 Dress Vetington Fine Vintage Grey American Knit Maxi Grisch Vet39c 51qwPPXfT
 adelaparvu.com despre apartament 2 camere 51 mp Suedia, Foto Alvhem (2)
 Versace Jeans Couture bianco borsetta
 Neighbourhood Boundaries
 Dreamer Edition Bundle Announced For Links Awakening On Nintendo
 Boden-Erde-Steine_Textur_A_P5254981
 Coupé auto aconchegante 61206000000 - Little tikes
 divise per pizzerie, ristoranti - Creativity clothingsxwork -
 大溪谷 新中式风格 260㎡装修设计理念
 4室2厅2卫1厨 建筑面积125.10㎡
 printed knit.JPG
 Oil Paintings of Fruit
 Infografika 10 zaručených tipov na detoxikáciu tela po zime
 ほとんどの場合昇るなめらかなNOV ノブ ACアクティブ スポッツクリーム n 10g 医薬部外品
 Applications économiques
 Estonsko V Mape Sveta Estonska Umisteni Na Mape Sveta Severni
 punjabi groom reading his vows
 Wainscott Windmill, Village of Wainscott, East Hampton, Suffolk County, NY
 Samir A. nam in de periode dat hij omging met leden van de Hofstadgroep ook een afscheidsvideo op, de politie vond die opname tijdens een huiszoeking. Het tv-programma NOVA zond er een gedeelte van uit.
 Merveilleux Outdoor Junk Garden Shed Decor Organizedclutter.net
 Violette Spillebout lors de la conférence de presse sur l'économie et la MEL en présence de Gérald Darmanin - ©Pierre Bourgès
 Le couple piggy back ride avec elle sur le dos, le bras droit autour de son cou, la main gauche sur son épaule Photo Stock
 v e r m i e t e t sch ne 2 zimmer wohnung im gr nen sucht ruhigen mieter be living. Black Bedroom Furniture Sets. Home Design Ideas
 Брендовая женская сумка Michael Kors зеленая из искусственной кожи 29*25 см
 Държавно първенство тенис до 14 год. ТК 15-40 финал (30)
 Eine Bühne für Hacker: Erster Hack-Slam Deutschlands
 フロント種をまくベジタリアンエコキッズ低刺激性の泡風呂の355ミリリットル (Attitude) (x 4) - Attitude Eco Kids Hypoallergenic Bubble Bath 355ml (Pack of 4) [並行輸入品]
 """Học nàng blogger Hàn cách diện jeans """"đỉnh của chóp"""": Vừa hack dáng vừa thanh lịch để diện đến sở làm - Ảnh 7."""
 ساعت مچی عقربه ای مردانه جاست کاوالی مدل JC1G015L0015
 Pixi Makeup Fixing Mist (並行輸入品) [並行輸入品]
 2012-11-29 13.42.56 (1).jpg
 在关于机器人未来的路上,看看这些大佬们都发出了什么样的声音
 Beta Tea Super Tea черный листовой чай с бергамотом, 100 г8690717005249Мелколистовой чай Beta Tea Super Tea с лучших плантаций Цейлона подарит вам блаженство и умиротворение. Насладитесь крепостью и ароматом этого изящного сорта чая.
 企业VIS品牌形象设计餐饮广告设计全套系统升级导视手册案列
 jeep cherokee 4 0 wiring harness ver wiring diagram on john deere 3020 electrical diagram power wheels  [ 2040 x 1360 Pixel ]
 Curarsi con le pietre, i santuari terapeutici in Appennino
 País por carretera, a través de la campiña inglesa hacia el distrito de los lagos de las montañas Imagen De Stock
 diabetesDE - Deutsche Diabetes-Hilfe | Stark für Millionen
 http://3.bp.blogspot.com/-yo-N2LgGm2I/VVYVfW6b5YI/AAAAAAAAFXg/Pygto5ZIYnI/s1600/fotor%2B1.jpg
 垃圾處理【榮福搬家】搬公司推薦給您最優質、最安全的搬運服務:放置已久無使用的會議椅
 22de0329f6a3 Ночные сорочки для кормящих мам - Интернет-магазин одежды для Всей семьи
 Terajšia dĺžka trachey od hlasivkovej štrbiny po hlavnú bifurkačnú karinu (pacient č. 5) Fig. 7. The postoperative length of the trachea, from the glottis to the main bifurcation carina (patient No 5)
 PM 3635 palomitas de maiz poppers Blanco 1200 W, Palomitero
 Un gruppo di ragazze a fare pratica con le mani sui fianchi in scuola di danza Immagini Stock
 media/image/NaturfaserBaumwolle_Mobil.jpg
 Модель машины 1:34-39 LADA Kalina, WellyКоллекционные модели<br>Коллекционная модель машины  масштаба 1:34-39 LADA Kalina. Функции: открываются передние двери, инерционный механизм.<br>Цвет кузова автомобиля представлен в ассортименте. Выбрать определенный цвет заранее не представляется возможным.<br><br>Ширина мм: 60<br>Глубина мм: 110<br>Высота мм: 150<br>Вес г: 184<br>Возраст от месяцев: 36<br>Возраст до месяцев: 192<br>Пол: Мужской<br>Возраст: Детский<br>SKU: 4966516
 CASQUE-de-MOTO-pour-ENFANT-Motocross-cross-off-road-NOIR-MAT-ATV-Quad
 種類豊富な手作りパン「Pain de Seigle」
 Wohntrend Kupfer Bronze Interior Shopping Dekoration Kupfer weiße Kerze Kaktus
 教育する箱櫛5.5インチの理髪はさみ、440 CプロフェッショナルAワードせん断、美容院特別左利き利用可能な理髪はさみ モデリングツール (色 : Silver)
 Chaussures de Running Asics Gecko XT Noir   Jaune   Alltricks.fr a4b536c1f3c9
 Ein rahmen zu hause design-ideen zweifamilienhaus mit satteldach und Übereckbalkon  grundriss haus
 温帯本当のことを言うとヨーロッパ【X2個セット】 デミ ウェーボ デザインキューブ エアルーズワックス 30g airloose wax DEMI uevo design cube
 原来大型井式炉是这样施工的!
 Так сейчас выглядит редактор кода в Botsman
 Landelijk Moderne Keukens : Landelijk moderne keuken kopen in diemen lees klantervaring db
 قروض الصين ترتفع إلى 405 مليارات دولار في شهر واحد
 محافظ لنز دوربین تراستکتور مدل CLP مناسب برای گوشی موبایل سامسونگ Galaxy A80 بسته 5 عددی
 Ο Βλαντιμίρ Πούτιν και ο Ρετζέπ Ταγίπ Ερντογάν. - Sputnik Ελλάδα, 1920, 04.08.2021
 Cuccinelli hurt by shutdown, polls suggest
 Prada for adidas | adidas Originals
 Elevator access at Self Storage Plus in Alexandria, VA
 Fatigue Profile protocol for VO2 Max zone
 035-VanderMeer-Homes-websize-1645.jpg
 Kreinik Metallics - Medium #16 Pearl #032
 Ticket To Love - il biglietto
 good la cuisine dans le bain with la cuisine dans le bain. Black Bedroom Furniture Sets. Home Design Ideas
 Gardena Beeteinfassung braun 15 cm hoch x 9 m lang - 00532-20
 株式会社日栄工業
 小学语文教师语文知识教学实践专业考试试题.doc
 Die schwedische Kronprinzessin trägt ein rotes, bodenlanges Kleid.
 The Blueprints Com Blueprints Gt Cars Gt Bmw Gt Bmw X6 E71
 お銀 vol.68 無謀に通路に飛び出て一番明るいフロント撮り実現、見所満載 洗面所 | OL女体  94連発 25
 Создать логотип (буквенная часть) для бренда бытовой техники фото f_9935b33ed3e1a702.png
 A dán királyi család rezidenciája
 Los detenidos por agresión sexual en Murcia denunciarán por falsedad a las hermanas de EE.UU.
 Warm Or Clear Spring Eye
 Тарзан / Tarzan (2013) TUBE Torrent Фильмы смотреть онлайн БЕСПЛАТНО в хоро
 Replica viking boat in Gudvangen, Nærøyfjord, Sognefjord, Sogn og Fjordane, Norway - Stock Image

§ WHAT NEEDS TO BE DONE: The entries above need to be repeated in full, exactly as written.

§ RESPONSE AREA:
 Dress Vetington Fine Vintage Grey American Knit Maxi Grisch Vet39c 51qwPPXfT
 adelaparvu.com despre apartament 2 camere 51 mp Suedia, Foto Alvhem (2)
 Versace Jeans Couture bianco borsetta
 Neighbourhood Boundaries
 Dreamer Edition Bundle Announced For Links Awakening On Nintendo
 Boden-Erde-Steine_Textur_A_P5254981
 Coupé auto aconchegante 61206000000 - Little tikes
 divise per pizzerie, ristoranti - Creativity clothingsxwork -
 大溪谷 新中式风格 260㎡装修设计理念
 4室2厅2卫1厨 建筑面积125.10㎡
 printed knit.JPG
 Oil Paintings of Fruit
 Infografika 10 zaručených tipov na detoxikáciu tela po zime
 ほとんどの場合昇るなめらかなNOV ノブ ACアクティブ スポッツクリーム n 10g 医薬部外品
 Applications économiques
 Estonsko V Mape Sveta Estonska Umisteni Na Mape Sveta Severni
 punjabi groom reading his vows
 Wainscott Windmill, Village of Wainscott, East Hampton, Suffolk County, NY
 Samir A. nam in de periode dat hij omging met leden van de Hofstadgroep ook een afscheidsvideo op, de politie vond die opname tijdens een huiszoeking. Het tv-programma NOVA zond er een gedeelte van uit.
 Merveilleux Outdoor Junk Garden Shed Decor Organizedclutter.net
 Violette Spillebout lors de la conférence de presse sur l'économie et la MEL en présence de Gérald Darmanin - ©Pierre Bourgès
 Le couple piggy back ride avec elle sur le dos, le bras droit autour de son cou, la main gauche sur son épaule Photo Stock
 v e r m i e t e t sch ne 2 zimmer wohnung im gr nen sucht ruhigen mieter be living. Black Bedroom Furniture Sets. Home Design Ideas
 Брендовая женская сумка Michael Kors зеленая из искусственной кожи 29*25 см
 Държавно първенство тенис до 14 год. ТК 15-40 финал (30)
 Eine Bühne für Hacker: Erster Hack-Slam Deutschlands
 フロント種をまくベジタリアンエコキッズ低刺激性の泡風呂の355ミリリットル (Attitude) (x 4) - Attitude Eco Kids Hypoallergenic Bubble Bath 355ml (Pack of 4) [並行輸入品]
 """Học nàng blogger Hàn cách diện jeans """"đỉnh của chóp"""": Vừa hack dáng vừa thanh lịch để diện đến sở làm - Ảnh 7."""
 ساعت مچی عقربه ای مردانه جاست کاوالی مدل JC1G015L0015
 Pixi Makeup Fixing Mist (並行輸入品) [並行輸入品]
 2012-11-29 13.42.56 (1).jpg
 在关于机器人未来的路上,看看这些大佬们都发出了什么样的声音
 Beta Tea Super Tea черный листовой чай с бергамотом, 100 г8690717005249Мелколистовой чай Beta Tea Super Tea с лучших плантаций Цейлона подарит вам блаженство и умиротворение. Насладитесь крепостью и ароматом этого изящного сорта чая.
 企业VIS品牌形象设计餐饮广告设计全套系统升级导视手册案列
 jeep cherokee 4 0 wiring harness ver wiring diagram on john deere 3020 electrical diagram power wheels  [ 2040 x 1360 Pixel ]
 Curarsi con le pietre, i santuari terapeutici in Appennino
 País por carretera, a través de la campiña inglesa hacia el distrito de los lagos de las montañas Imagen De Stock
 diabetesDE - Deutsche Diabetes-Hilfe | Stark für Millionen
 http://3.bp.blogspot.com/-yo-N2LgGm2I/VVYVfW6b5YI/AAAAAAAAFXg/Pygto5ZIYnI/s1600/fotor%2B1.jpg
 垃圾處理【榮福搬家】搬公司推薦給您最優質、最安全的搬運服務:放置已久無使用的會議椅
 22de0329f6a3 Ночные сорочки для кормящих мам - Интернет-магазин одежды для Всей семьи
 Terajšia dĺžka trachey od hlasivkovej štrbiny po hlavnú bifurkačnú karinu (pacient č. 5) Fig. 7. The postoperative length of the trachea, from the glottis to the main bifurcation carina (patient No 5)
 PM 3635 palomitas de maiz poppers Blanco 1200 W, Palomitero
 Un gruppo di ragazze a fare pratica con le mani sui fianchi in scuola di danza Immagini Stock
 media/image/NaturfaserBaumwolle_Mobil.jpg
 Модель машины 1:34-39 LADA Kalina, WellyКоллекционные модели<br>Коллекционная модель машины  масштаба 1:34-39 LADA Kalina. Функции: открываются передние двери, инерционный механизм.<br>Цвет кузова автомобиля представлен в ассортименте. Выбрать определенный цвет заранее не представляется возможным.<br><br>Ширина мм: 60<br>Глубина мм: 110<br>Высота мм: 150<br>Вес г: 184<br>Возраст от месяцев: 36<br>Возраст до месяцев: 192<br>Пол: Мужской<br>Возраст: Детский<br>SKU: 4966516
 CASQUE-de-MOTO-pour-ENFANT-Motocross-cross-off-road-NOIR-MAT-ATV-Quad
 種類豊富な手作りパン「Pain de Seigle」
 Wohntrend Kupfer Bronze Interior Shopping Dekoration Kupfer weiße Kerze Kaktus
 教育する箱櫛5.5インチの理髪はさみ、440 CプロフェッショナルAワードせん断、美容院特別左利き利用可能な理髪はさみ モデリングツール (色 : Silver)
 Chaussures de Running Asics Gecko XT Noir   Jaune   Alltricks.fr a4b536c1f3c9
 Ein rahmen zu hause design-ideen zweifamilienhaus mit satteldach und Übereckbalkon  grundriss haus
 温帯本当のことを言うとヨーロッパ【X2個セット】 デミ ウェーボ デザインキューブ エアルーズワックス 30g airloose wax DEMI uevo design cube
 原来大型井式炉是这样施工的!
 Так сейчас выглядит редактор кода в Botsman
 Landelijk Moderne Keukens : Landelijk moderne keuken kopen in diemen lees klantervaring db
 قروض الصين ترتفع إلى 405 مليارات دولار في شهر واحد
 محافظ لنز دوربین تراستکتور مدل CLP مناسب برای گوشی موبایل سامسونگ Galaxy A80 بسته 5 عددی
 Ο Βλαντιμίρ Πούτιν και ο Ρετζέπ Ταγίπ Ερντογάν. - Sputnik Ελλάδα, 1920, 04.08.2021
 Cuccinelli hurt by shutdown, polls suggest
 Prada for adidas | adidas Originals
 Elevator access at Self Storage Plus in Alexandria, VA
 Fatigue Profile protocol for VO2 Max zone
 035-VanderMeer-Homes-websize-1645.jpg
 Kreinik Metallics - Medium #16 Pearl #032
 Ticket To Love - il biglietto
 good la cuisine dans le bain with la cuisine dans le bain. Black Bedroom Furniture Sets. Home Design Ideas
 Gardena Beeteinfassung braun 15 cm hoch x 9 m lang - 00532-20
 株式会社日栄工業
 小学语文教师语文知识教学实践专业考试试题.doc
 Die schwedische Kronprinzessin trägt ein rotes, bodenlanges Kleid.
 The Blueprints Com Blueprints Gt Cars Gt Bmw Gt Bmw X6 E71
 お銀 vol.68 無謀に通路に飛び出て一番明るいフロント撮り実現、見所満載 洗面所 | OL女体  94連発 25
 Создать логотип (буквенная часть) для бренда бытовой техники фото f_9935b33ed3e1a702.png
 A dán királyi család rezidenciája
 Los detenidos por agresión sexual en Murcia denunciarán por falsedad a las hermanas de EE.UU.
 Warm Or Clear Spring Eye
 Тарзан / Tarzan (2013) TUBE Torrent Фильмы смотреть онлайн БЕСПЛАТНО в хоро
 Replica viking boat in Gudvangen, Nærøyfjord, Sognefjord, Sogn og Fjordane, Norway - Stock Image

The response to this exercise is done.